Senin, 26 Maret 2012

KEBIJAKAN KEAGAMAAN SULTAN AURANGZEB DI INDIA (1658-1707 M)

KEBIJAKAN KEAGAMAAN SULTAN AURANGZEB DI INDIA ( 1658-1707 M )
SULTAN AURANGZEB


BAB I
PENDAHULUAN
A. Latar Belakang Masalah
Sejarah tentang Aurangzeb tidak dapat dilepaskan dari kebesaran Dinasti Mughal yang didirikan oleh Zahirudin Muhammad, yang lebih dikenal sebagai Babur.[2] Ia dapat menyatukan India[3] yang pada awal abad XVI M merupakan daerah terpecah-pecah dan memiliki pemerintahan yang merdeka. Wilayah kekuasaannya terbentang dari Sungai Gangga sampai Oxus. Babur hanya berkuasa selama empat tahun, dengan demikian dia belum sempat melakukan pembaruan yang berarti bagi Mughal.
Penguasa Mughal setelah Babur adalah putranya, Nashirudin Humayun (1530-1540 M dan 1555-1556 M).
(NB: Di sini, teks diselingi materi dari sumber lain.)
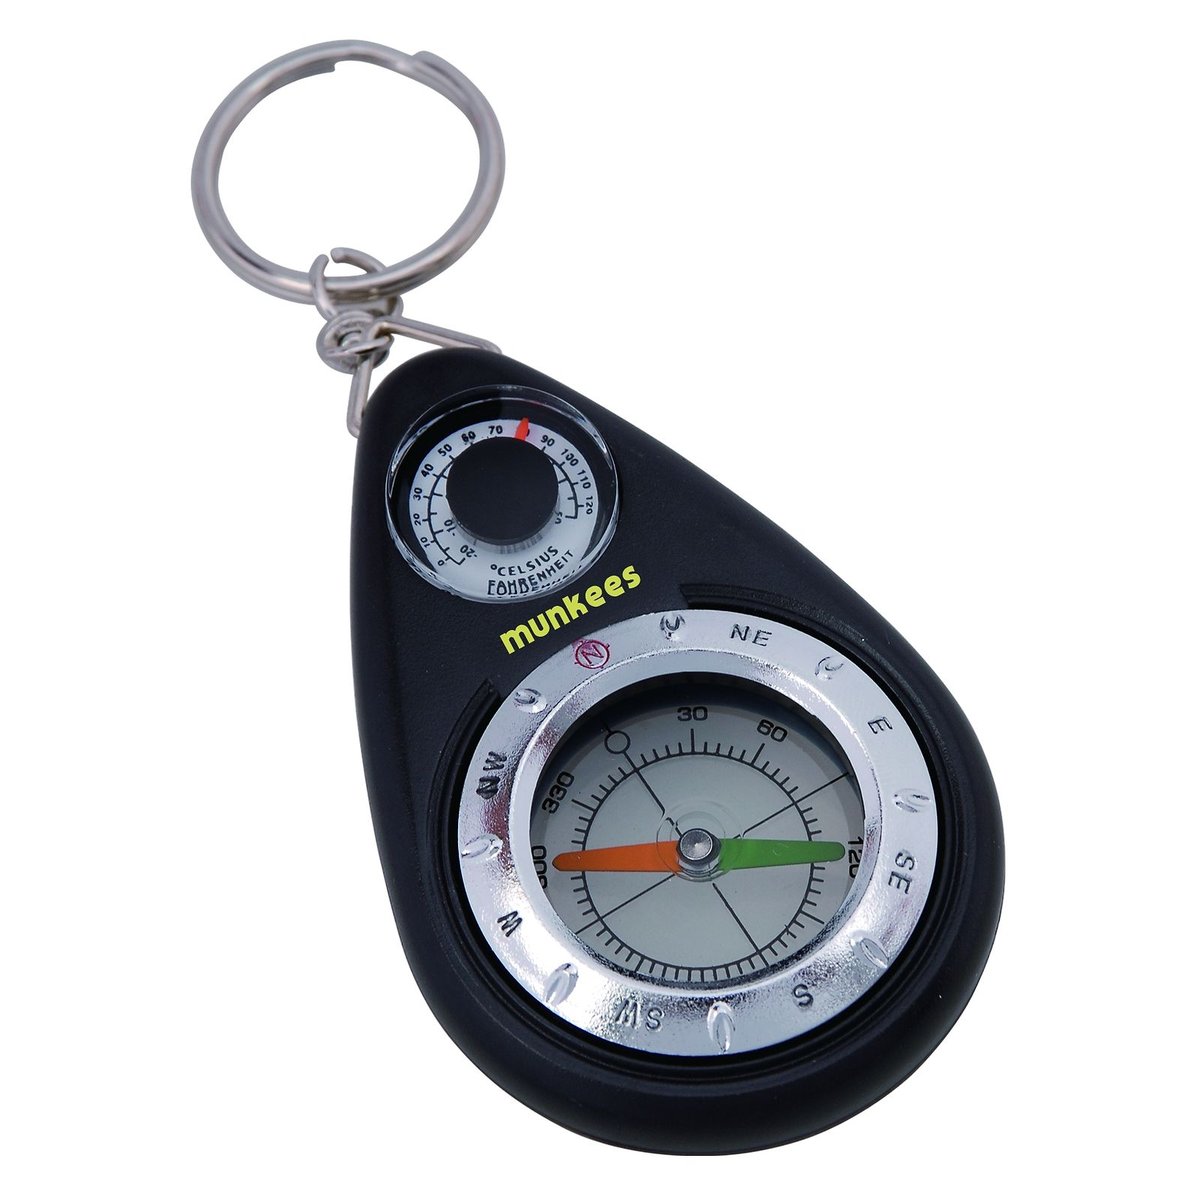 munkees termometr kompas  breloczek do kluczy, w rozmiarze uniwersalnym 3154

Masa pemerintahannya kondisi negara dalam keadaan tidak stabil. Ia harus menghadapi berbagai pemberontakan, seperti pemberontakan Bahadur di Gujarat dan Sher Khan.[4] Humayun dapat dikalahkan oleh Sher Khan yang mengakibatkan Ia melarikan diri dan mencari suaka politik ke Persia.
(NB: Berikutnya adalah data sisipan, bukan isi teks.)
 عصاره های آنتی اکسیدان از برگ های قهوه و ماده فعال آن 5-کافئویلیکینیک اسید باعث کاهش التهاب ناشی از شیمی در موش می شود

            Sher Khan menobatkan dirinya sebagai raja Delhi dengan gelar Sher Shah. Ia melakukan pembaruan di bidang administrasi, keuangan, perdagangan, komunikasi, keadilan, perpajakan, dan pertanian di India.[5] Sher Shah merupakan satu-satunya penguasa yang berusaha menyatukan India tanpa membedakan ras dan agama. Pengganti Sher Shah adalah penguasa-penguasa yang lemah, sehingga Humayun dapat menguasai kembali Delhi pada Juli 1555 M, namun satu tahun kemudian Humayun meninggal  dunia karena kecelakaan, jatuh dari lantai dua perpustakaan Sher Mandal di Delhi.[6] Pendapat lain menyatakan bahwa Ia meninggal karena jatuh dari kuda ketika sedang bermain chaugan (permainan yang sangat populer di kalangan bangsawan India-Persia seperti hoki, hanya saja pemainnya menunggang kuda). Ia dimakamkan di Sahsaram.
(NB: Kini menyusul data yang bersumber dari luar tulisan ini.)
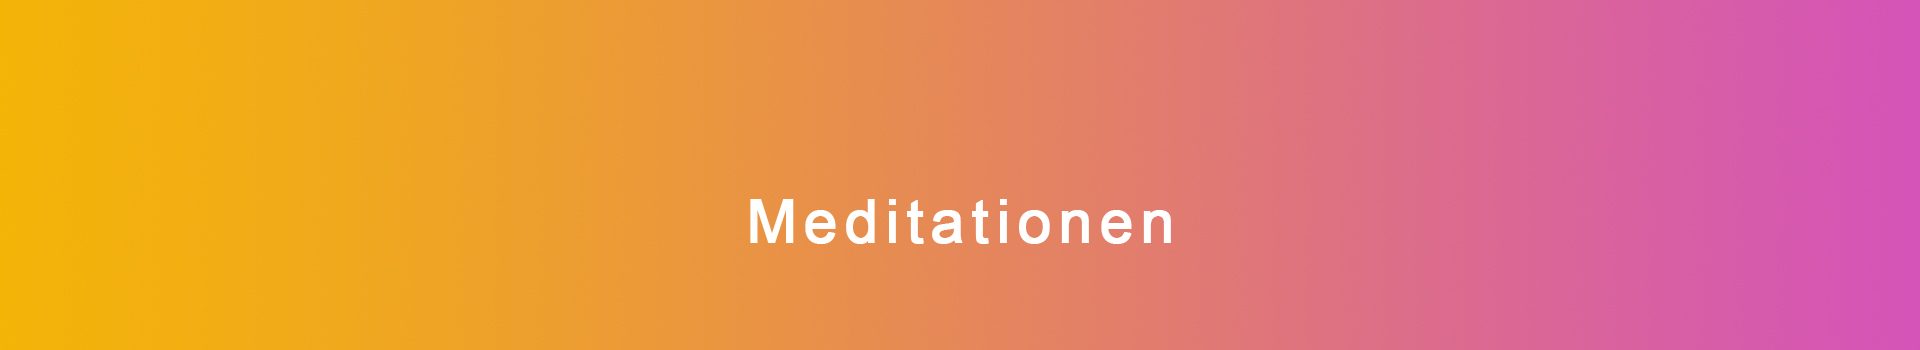 Meditationen-Headerbild-neu

Jalaludin Muhammad Akbar (1556-1605 M) menggantikan tahta ayahnya saat berusia empat belas tahun.[7] Ia adalah penguasa terbesar Mughal. Akbar memperluas imperium ini dari wilayahnya yang asal di Hindustan dan Punjab, Gujarat, Rajastan, Bihar, dan Bengal (Bangla).[8] Ke  arah utara Ia merebut Kashmir, Sind, dan Baluchistan. Sebelum akhir abad XVII M, imperium ini telah meluas sampai ke ujung utara dan merebut Bijapur, Golkunda, serta beberapa wilayah merdeka di India Selatan.[9]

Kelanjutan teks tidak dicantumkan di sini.